Work request> The answer consists of the lines from the line holding "Promoção Interna - 429" through the last line of the entries, retyped exactly, and nothing else. No pictures belong in it.

Records to process>

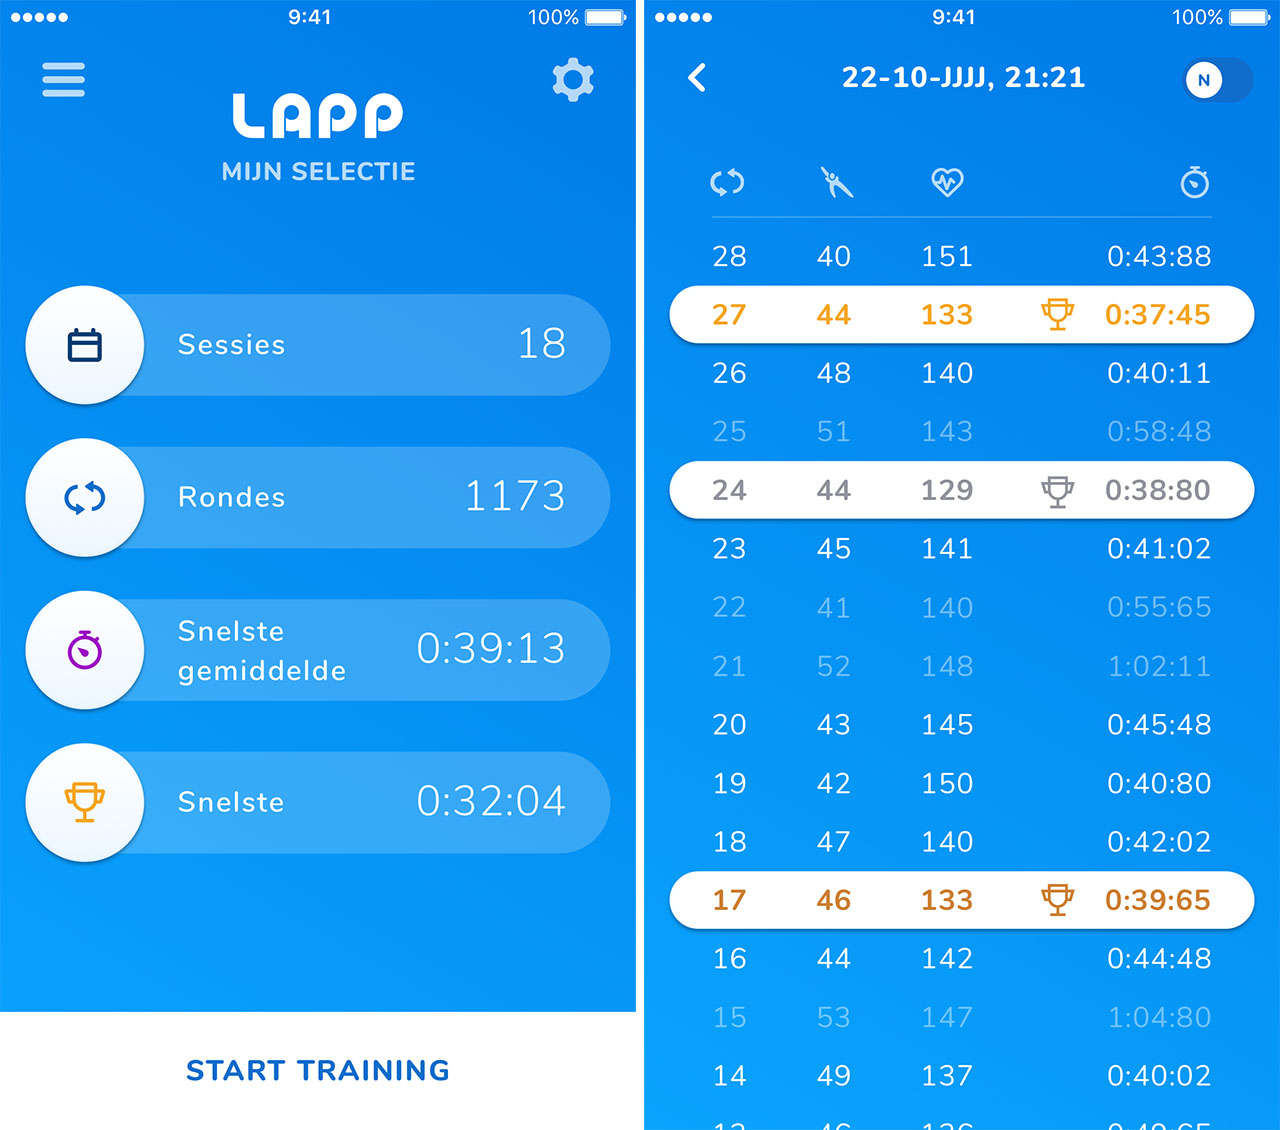 LAPP app
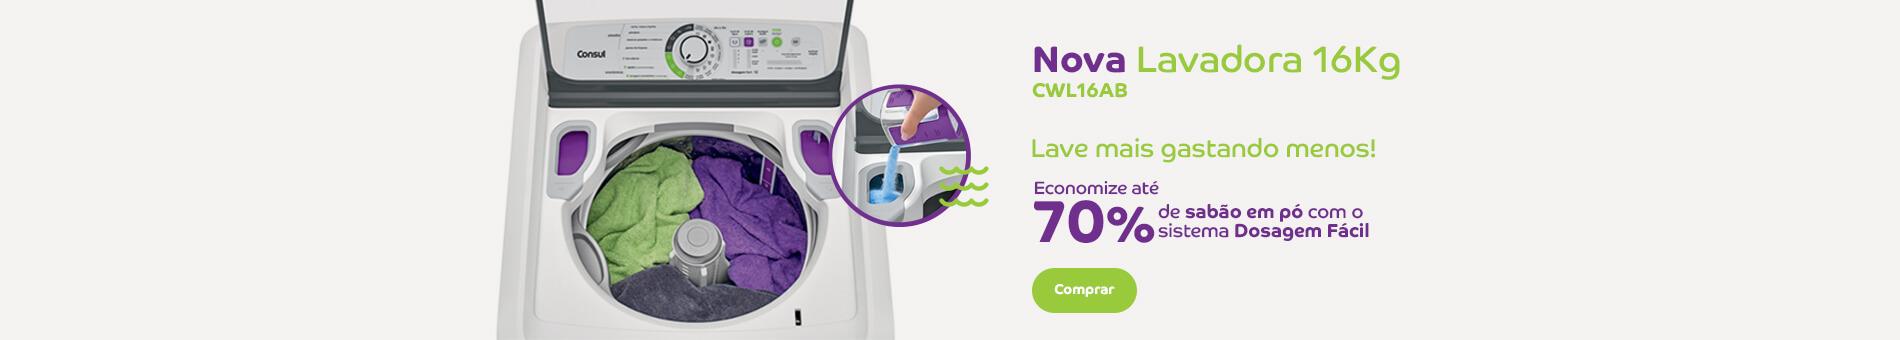 Promoção Interna - 429 - economiatotal_lavadora16_home_2052016 - lavadora16 - 5
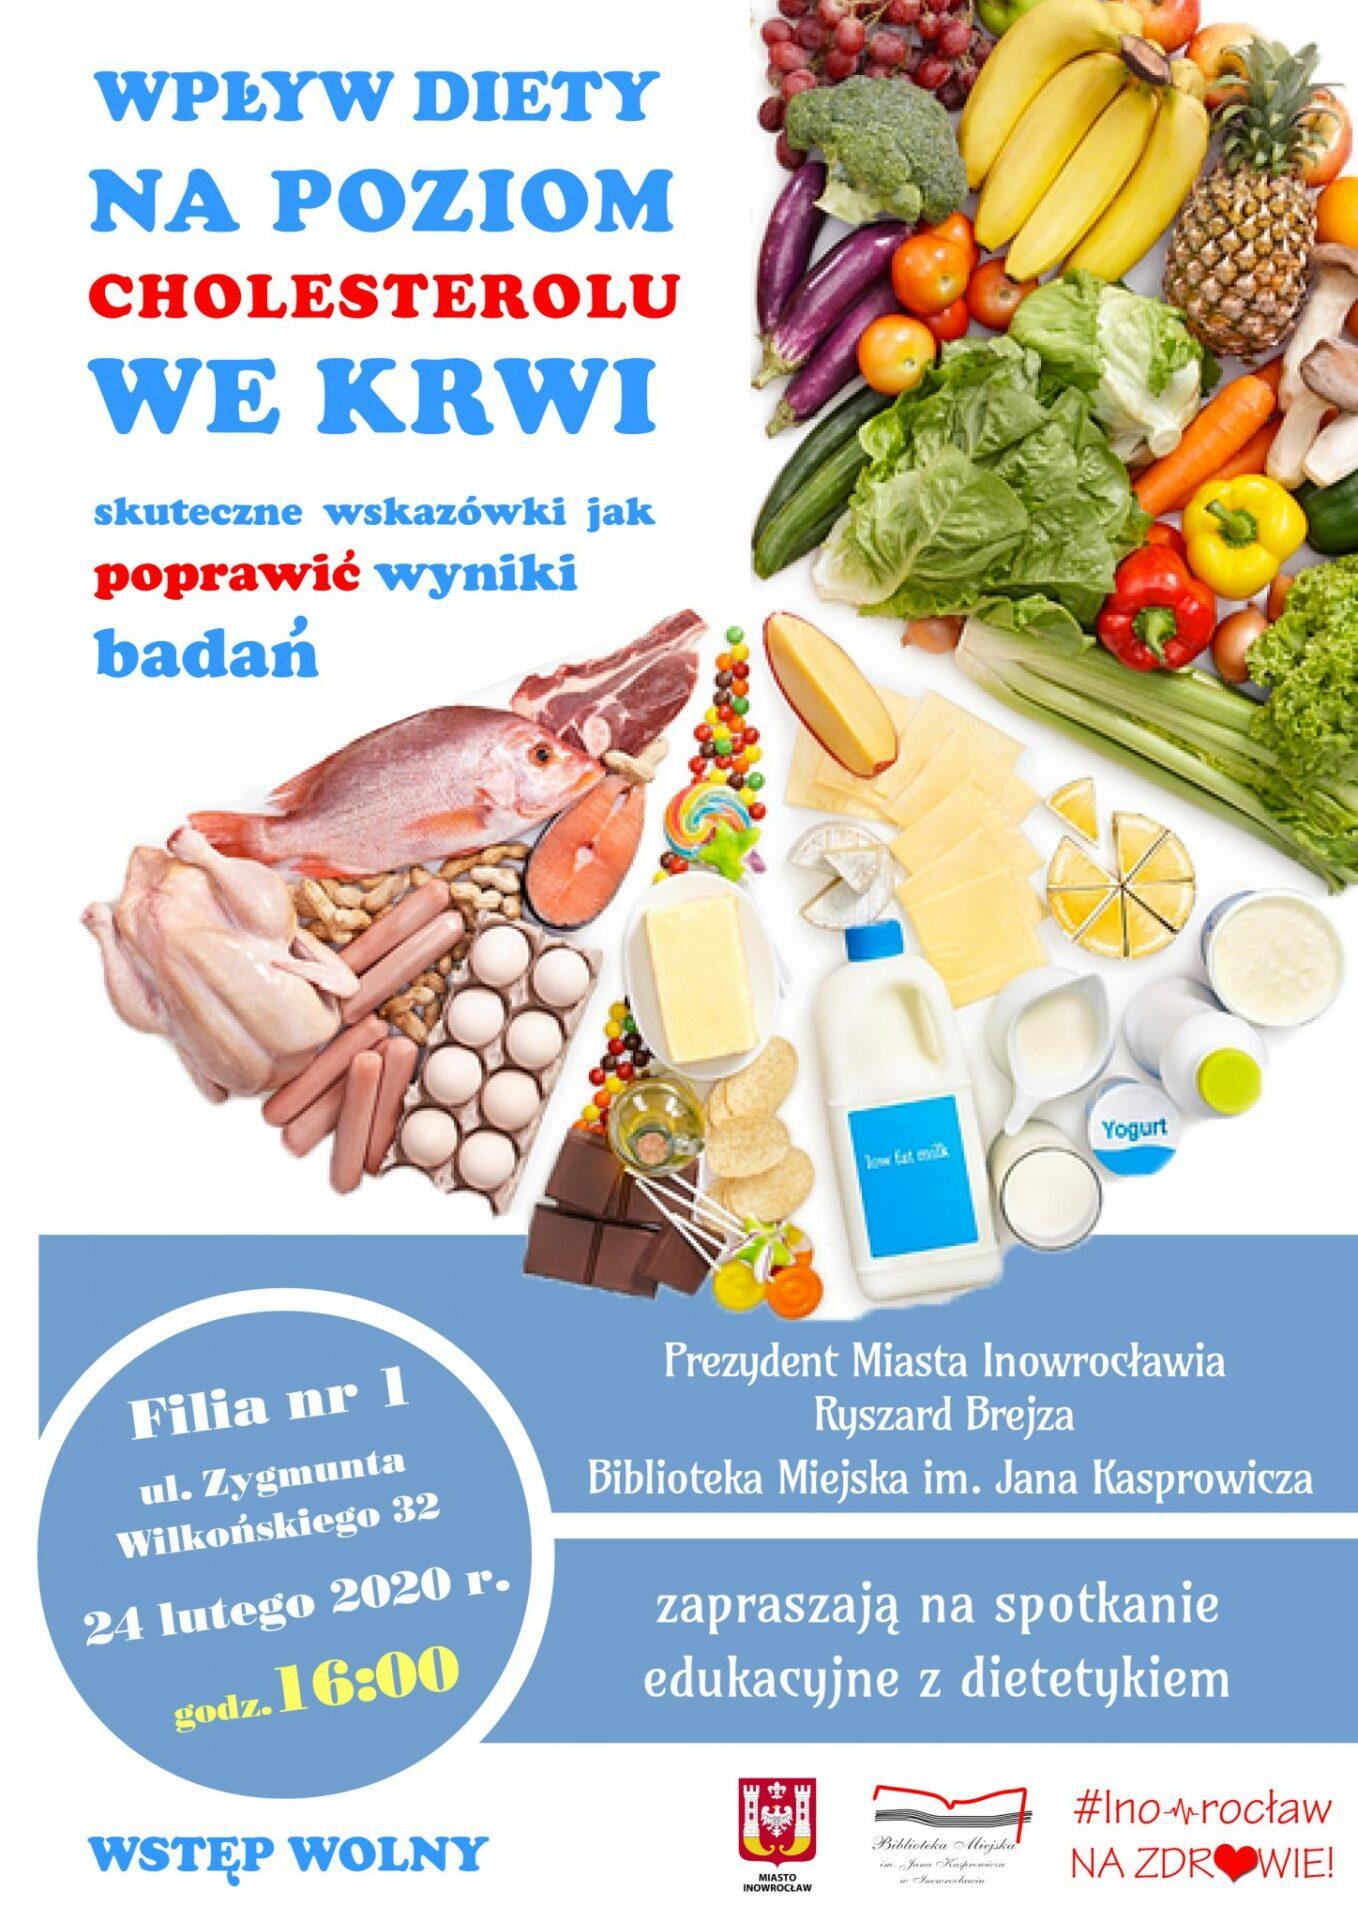 wewewe
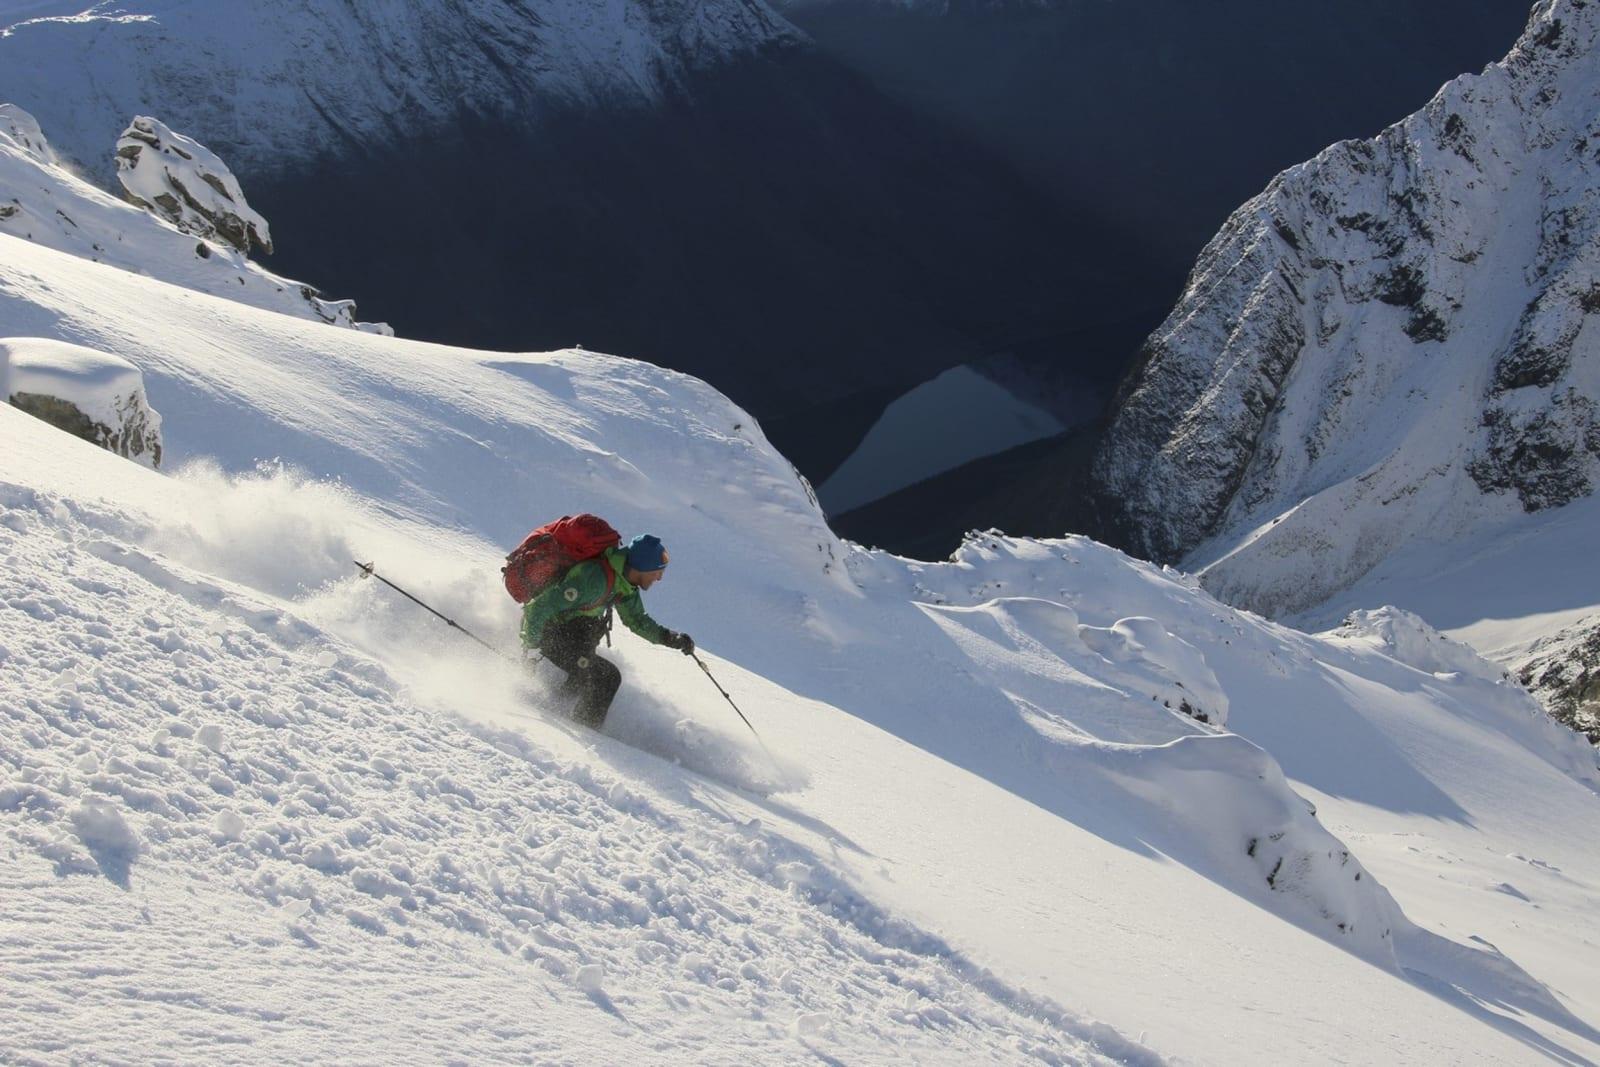 GLEDE: Espen leker seg ned fjellsidene på Store Kjostinden. Foto: Svein Mortensen
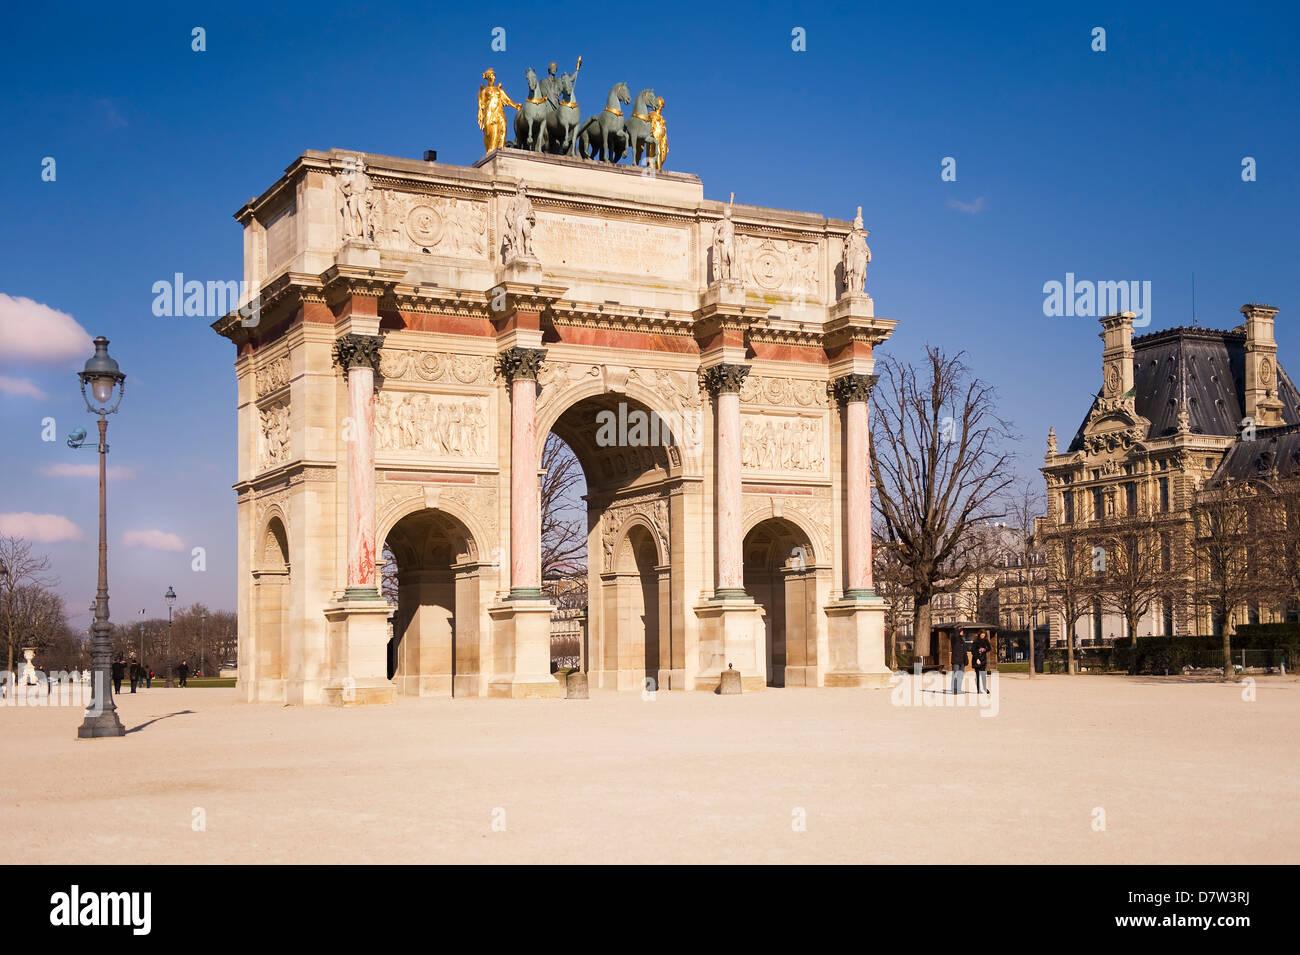 Arc du Carrousel, Place du Carrousel, Paris, France - Stock Image

Response to this task>
 Promoção Interna - 429 - economiatotal_lavadora16_home_2052016 - lavadora16 - 5
 wewewe
 GLEDE: Espen leker seg ned fjellsidene på Store Kjostinden. Foto: Svein Mortensen
 Arc du Carrousel, Place du Carrousel, Paris, France - Stock Image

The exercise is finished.